Married with Kids: My kids did WHAT at summer camp?

(Pixabay photo)

The call came just days after my girls had left for camp.

“This is not an emergency,” the voice began, cautiously. “But your girls have broken the rules. We’re thinking of sending them home.”

My husband and I stared at each other, stunned. We’d paid an unreasonable amount of money to send our twins to Jewish camp this summer and we knew the camp directors had the discretion to send kids home at any time for rule violations. But we never thought for a second that it would be our girls who were threatened with expulsion, that we’d be on the other end of the line with a sombre-voiced counsellor, trying to figure out the next steps.

I’m biased, of course, but my girls are high achievers. At 15, they have part-time jobs teaching athletics, they maintain stellar grades at school and they manage a
decent balance of social, academic and fitness activities, all things considered. Secretly, I’d congratulated myself that we’d moved past the harrowing speed bumps of adolescence and into a phase of greater maturity and insight. Then the call came, dissolving any self-congratulations instantly.

In the weeks since this incident occurred, I’ve been admonished and censured for referring directly to the violation, which is now a source of great embarrassment to them. Their misdemeanour was using needles to make permanent inscriptions on their skin.

We had debated the merits of tattoos and body piercings in the past. They knew full well that neither form of body art was permitted – at least until they were financially independent adults. So it came as a big surprise that they’d done it anyway – a flagrant violation not just of camp rules, but of our rules.

They were crying in the camp director’s office when we got the call and it sounded like the director was pacing the floor. “I’m embarrassed that you did this on my watch,” he declared as we listened on speaker phone from 400 kilometres away. “I really think we need to seriously consider having your parents come and get you.”

I shuddered. The last thing I wanted was to bring my girls home. My mood exacerbated by an untimely bout of PMS, I was furious beyond all reason, searching for a place to put my rage. I didn’t trust myself to be around them. So, after voicing my utter disappointment at their poor decision-making and agreeing with a range of punitive measures the camp planned to institute, I made the case for second chances.

Later, when I was out for dinner with a couple of my close girlfriends, the incident spilled out in a verbal flood of frustration, sorrow and self-recrimination. As parents, we believe our parenting has everything to do with how our kids turn out.

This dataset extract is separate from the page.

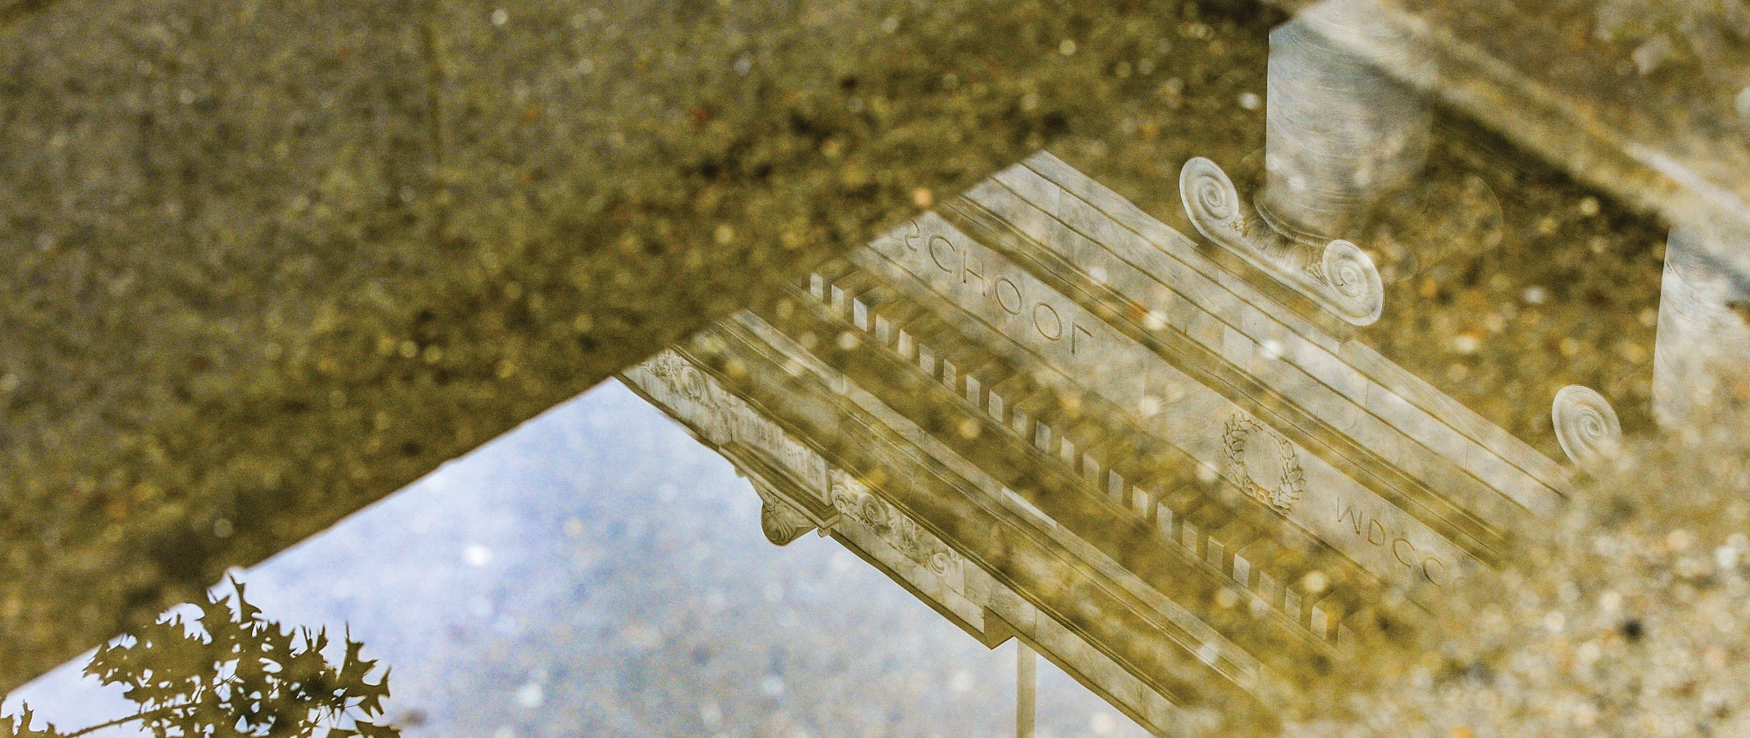 The Gordon Hall of Medicine is mirrored in a puddle on the Quad on a rainy day in August.

When their choices are good ones, we shep nachas, but when they’re bad, we suspect, deep down, that their poor decisions are our fault.

As really good friends do, mine listened quietly and without judgment before offering some pearls of wisdom. “It’s not that bad,” they insisted. “Did you hear about so-and-so? Sent home from camp for being intimate with other campers. And everyone knows about what’s-his-name, who was expelled for smoking marijuana at camp. In the big scheme of things,” they consoled me gently, “this sin ranks relatively low on the list of possible violations.”

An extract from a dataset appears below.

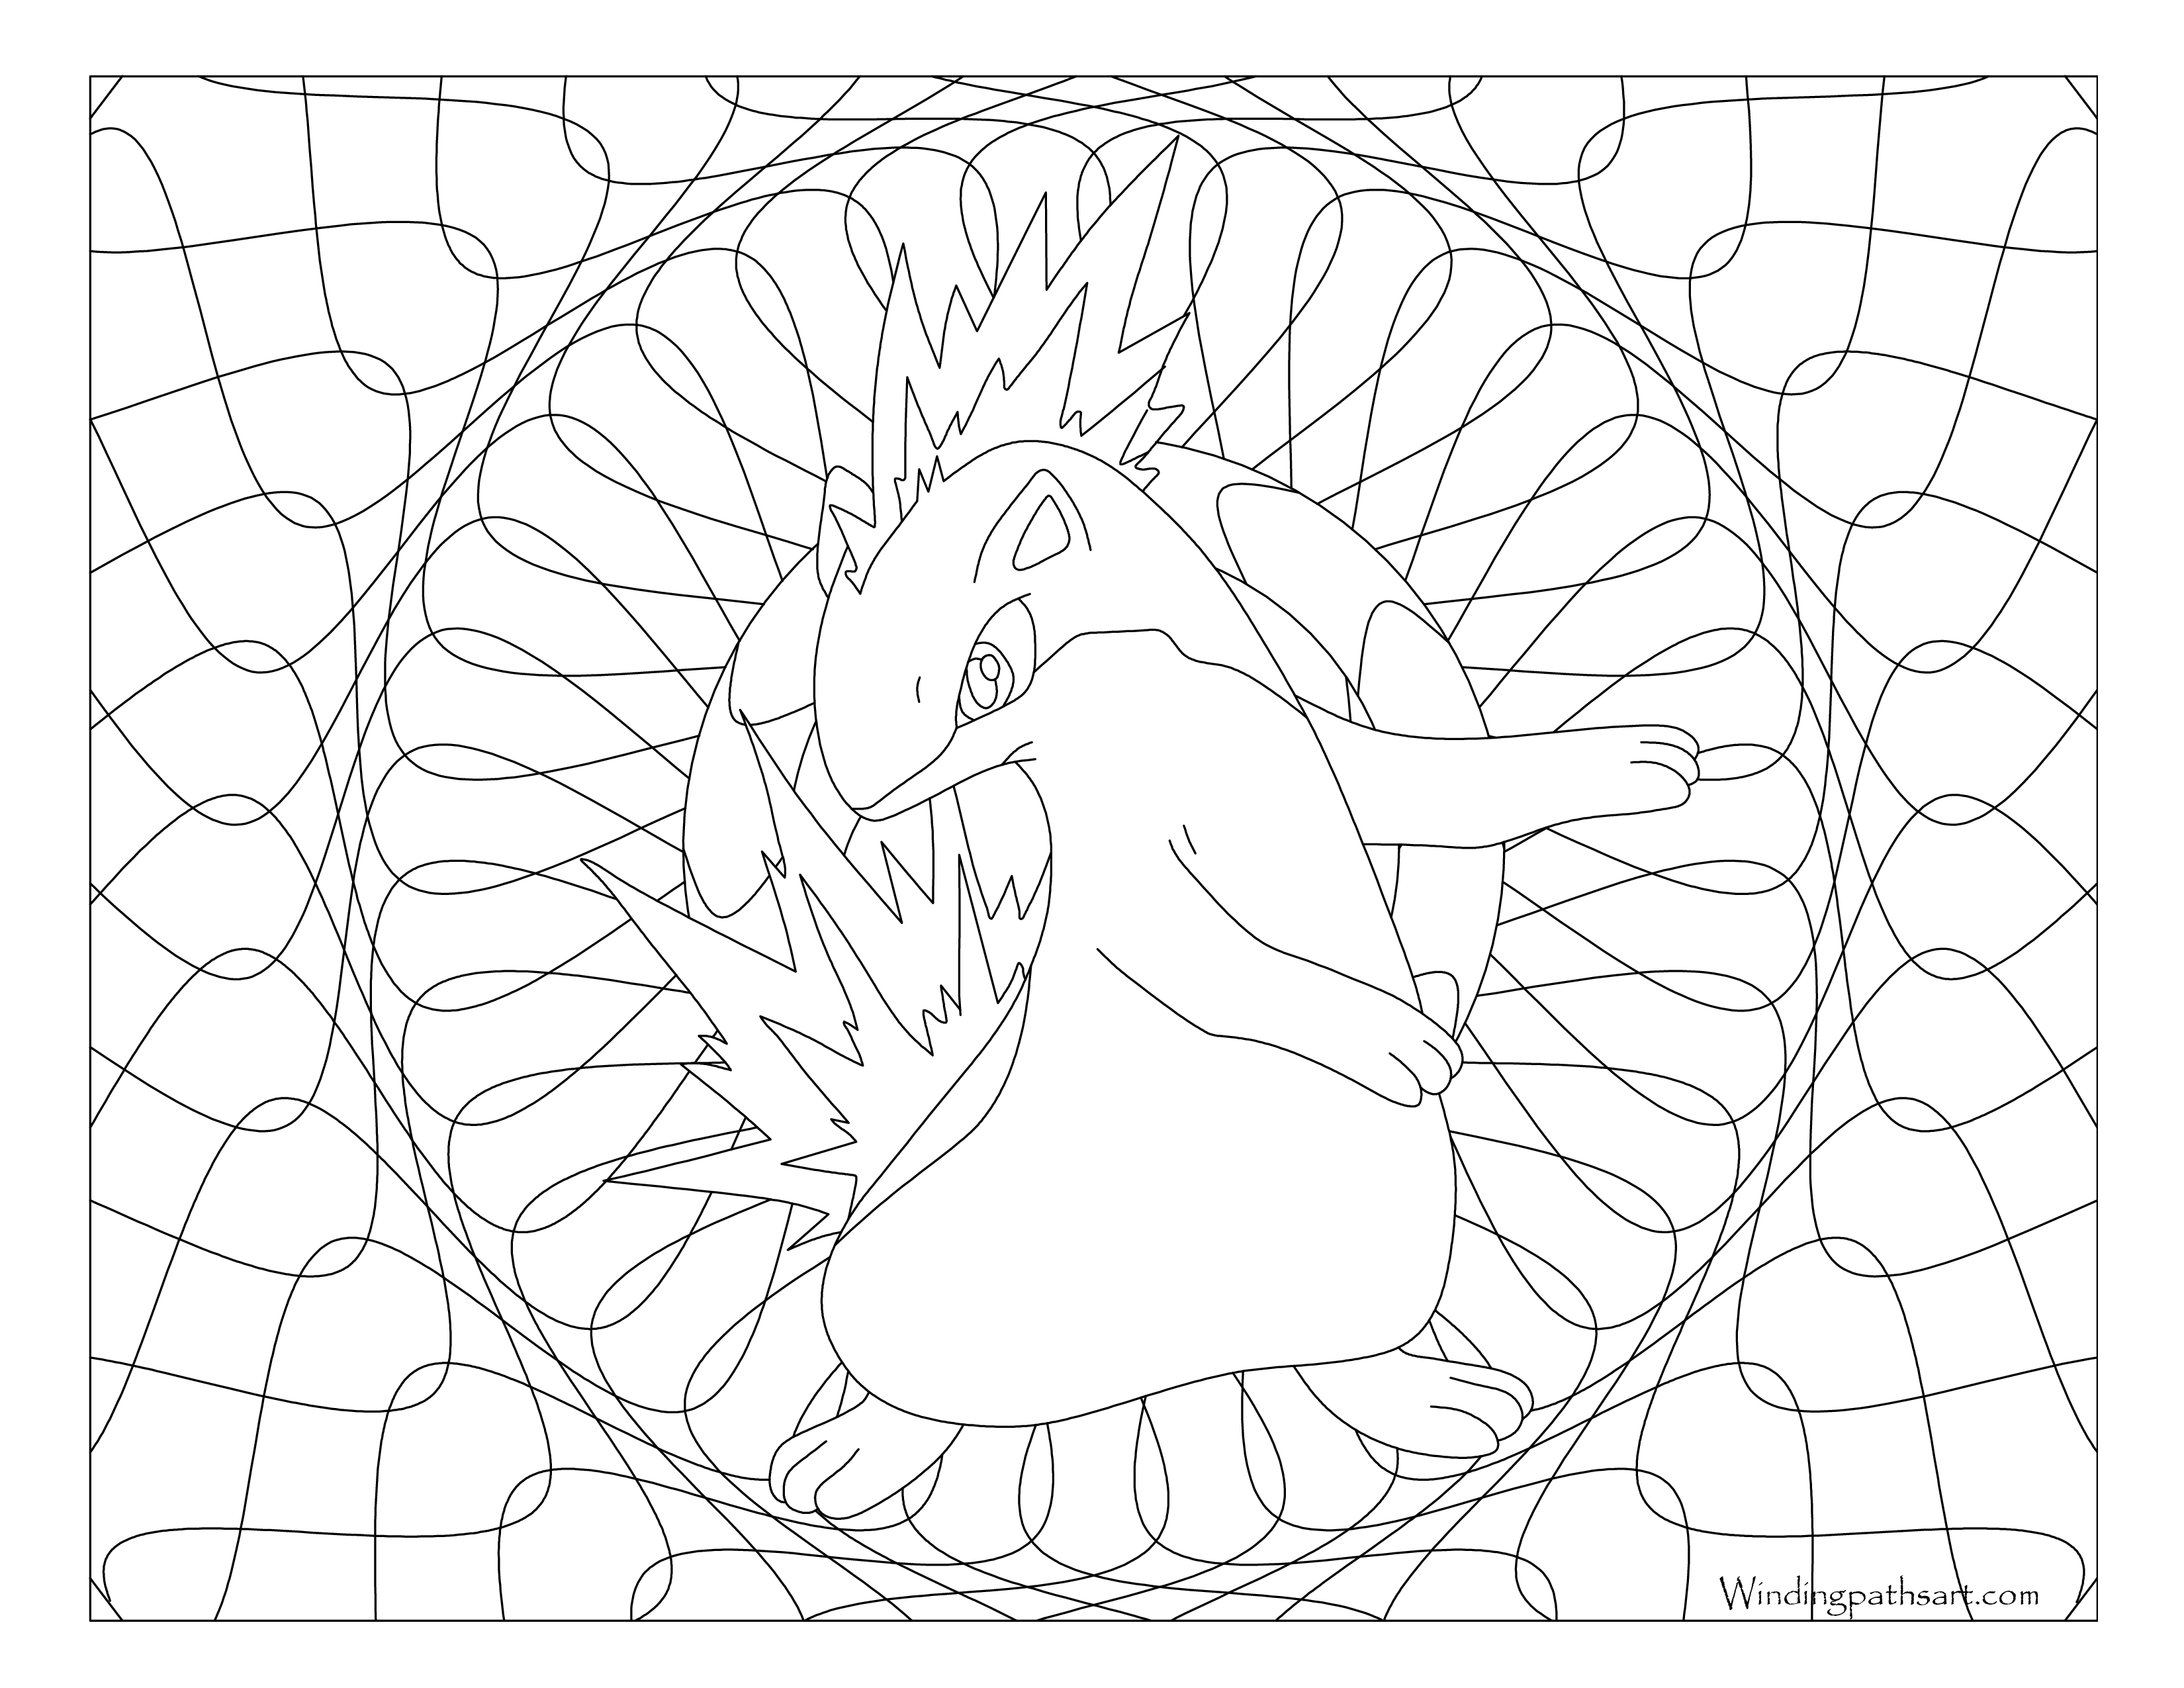 Quilava pokemon coloring page

Over the days that followed, anger gave way to disappointment and then to gradual acceptance. Now, with a few weeks of perspective under my belt, I realize that the camp director handled the incident with great intelligence and dignity. “You’ve broken our trust,” the director told them solemnly. “It’s going to take time and a great deal of effort to rebuild.” Instead of attending the camp dance the night of their violation, my girls had a lengthy discussion with the rabbi, in which they covered the Jewish stance on body art in detail. They were asked to sign a “behaviour contract,” and for the remainder of their camp experience, they were, essentially, on probation.

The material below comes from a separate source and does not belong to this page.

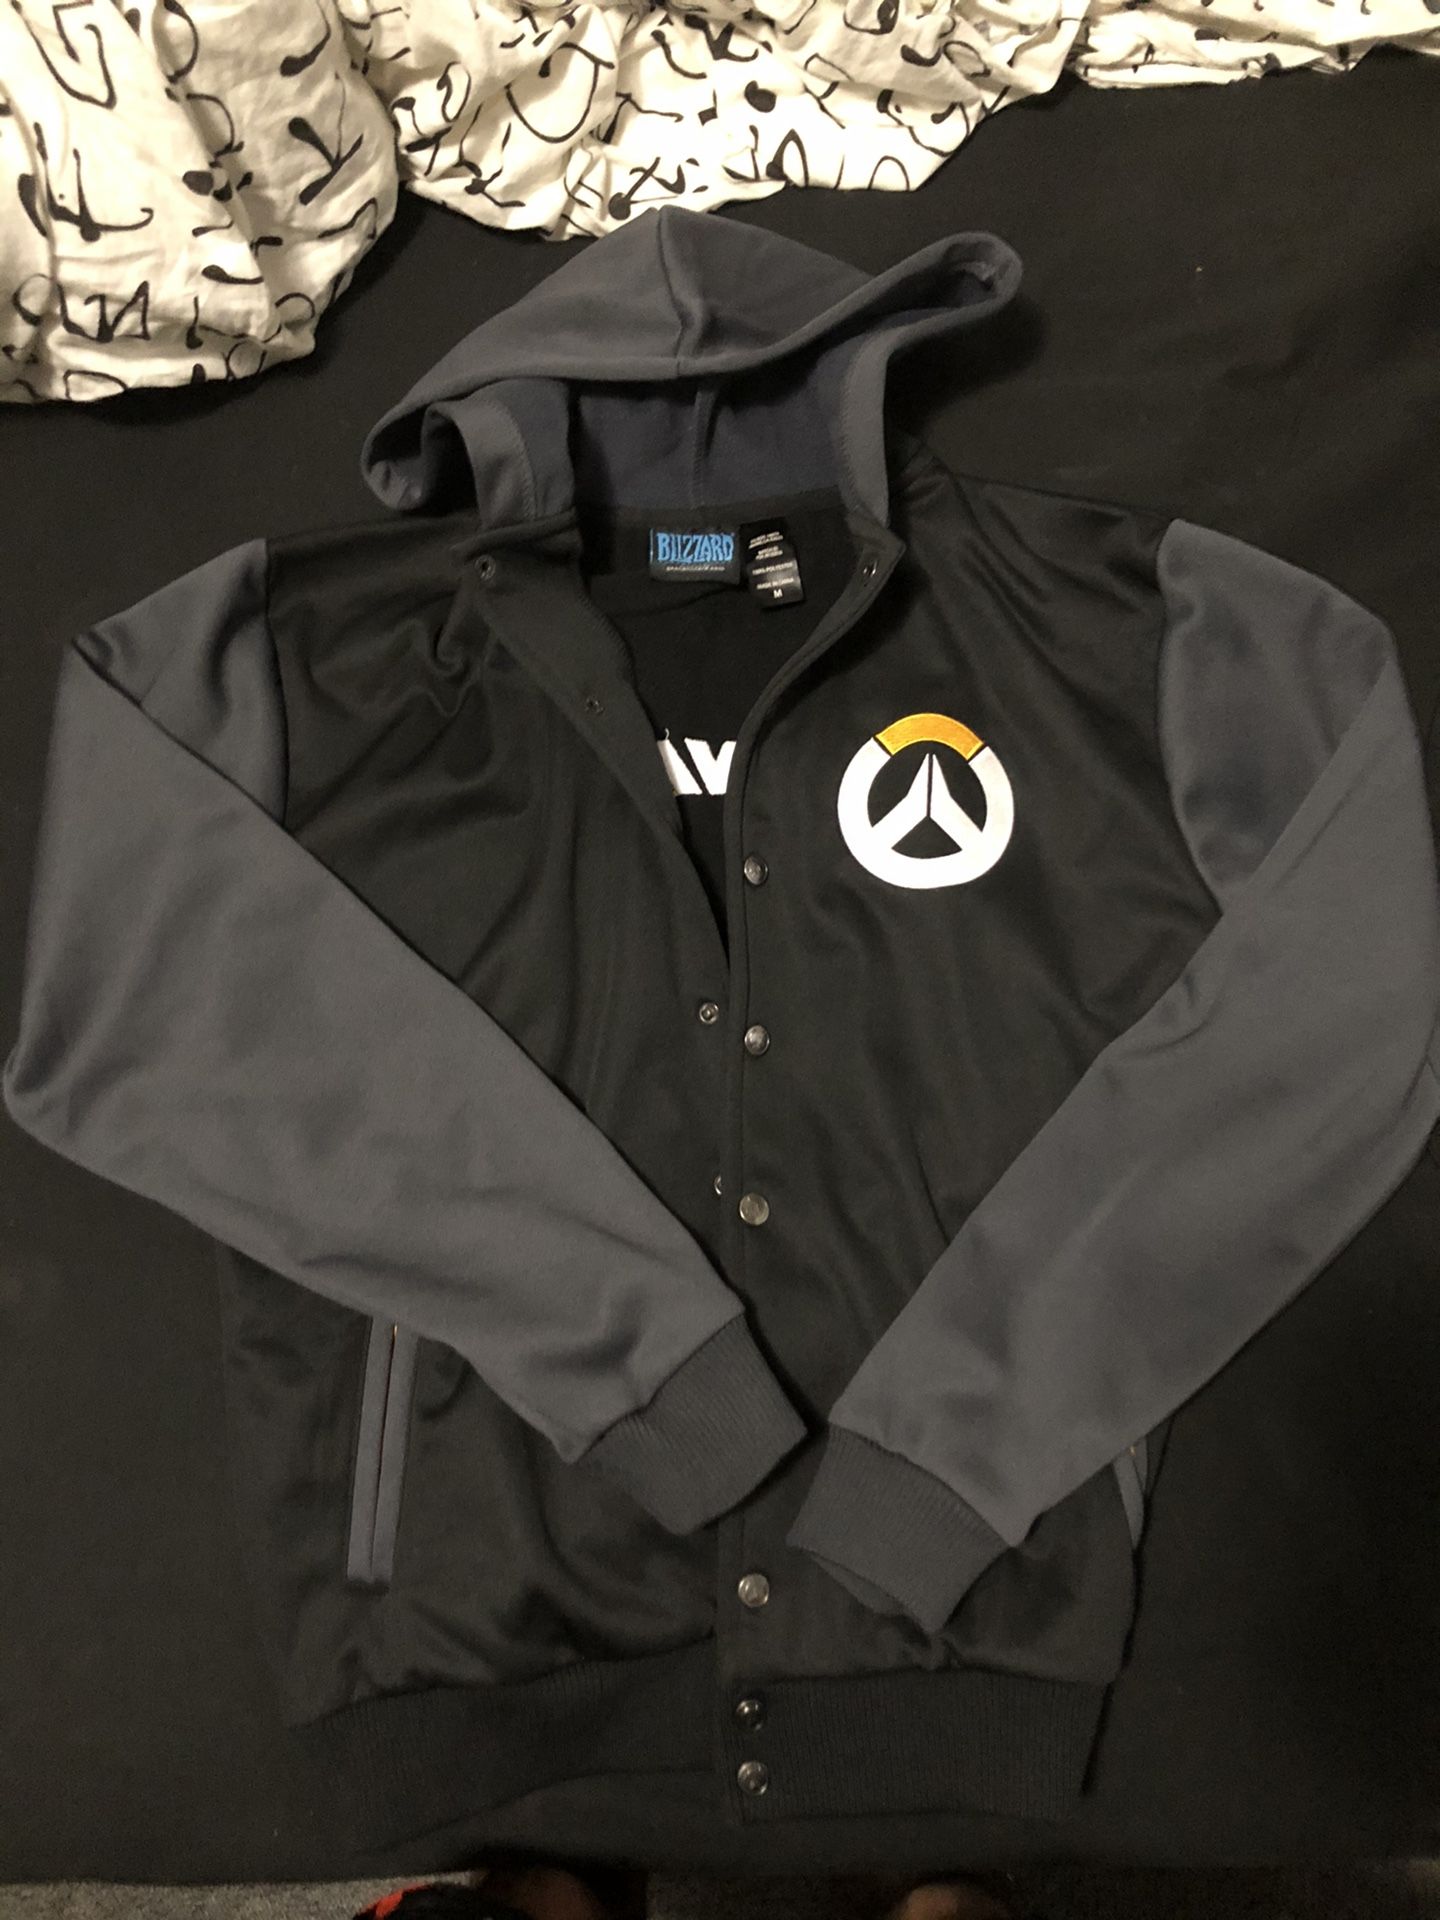 Official Blizzard Overwatch jacket

READ: FROM YONI’S DESK: ADULTS CAN’T CONTROL EVERY ASPECT OF SUMMER CAMP

The girls are back and though life is essentially back to normal, the bond of trust we shared before camp has been damaged. I’m more cautious now, more wary of the foolishness of 15-year-olds and more determined than ever to teach them the value of good decision-making in the short time we have left before  they leave home to start independent journeys of their own.